Chapter for Hire


The author must have hired somebody to write this chapter. Have you ever felt like that? You read along, and slowly get into the groove of various characters in the book, joined at the hip by some evil to flood the internet with a virus, then bham! There is this chapter that floats, like a beach ball in high seas.

The author introduces a new character in Chapter 5. He’s different. He is not of the same social class as everyone else in the book. He talks differently because he is the product of hidden America. He’s compulsorily cautious, because history made him so.

The problem is, this chapter is a true reflection of the character’s origin, not withstanding that all economic communities have sub-divisions of inequality intrinsic in them. They could be in the class related to the Queen of England, or working class neighborhoods in the east end of London and Liverpool.

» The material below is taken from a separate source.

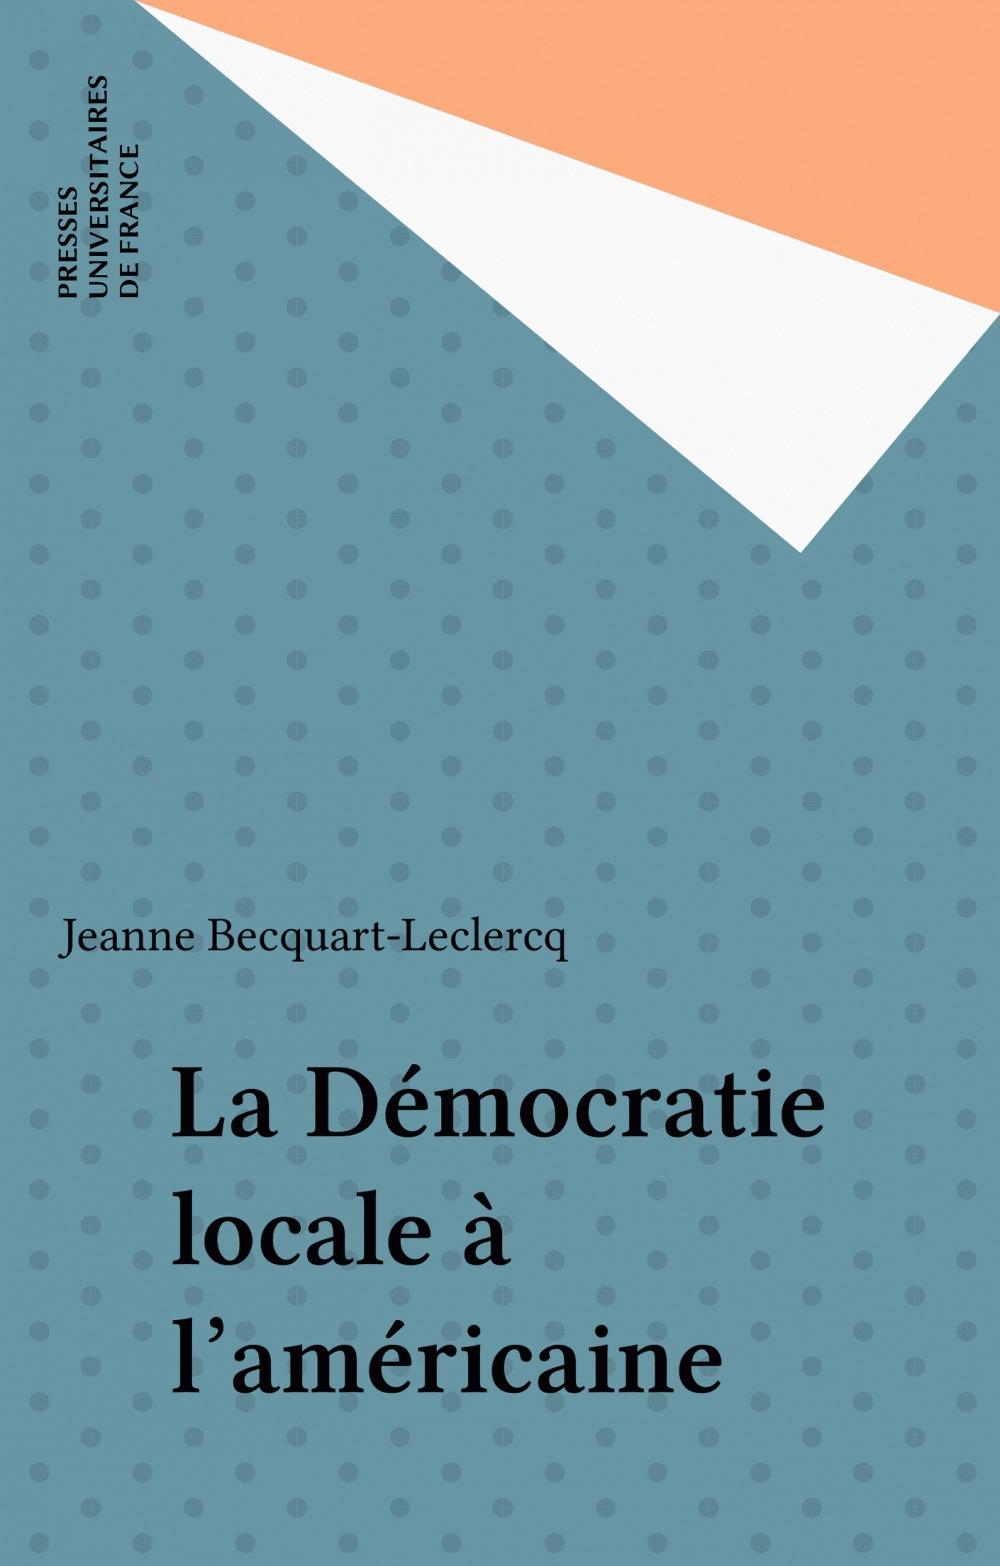 La Démocratie locale à l'américaine

Who wrote this chapter? Somebody must have and I’m sticking to that hunch, because publishers pay French, Canadian or American writers to travel to sunny countries to ‘research’ material for forthcoming books.

Does the advance accommodate a budget for hiring foreign writers for country specific chapters? Foreign includes African American writers because they are outcasts in the land of their forced birth. The police treats them so.

The more I read Chapter 5 is the more I think it was commissioned. How can it be so authentic? If it is, then it means it is well written. Then what is my problem? This uncanny feeling that the author paid someone to deliver that chapter.

By: Nonqaba waka Msimang.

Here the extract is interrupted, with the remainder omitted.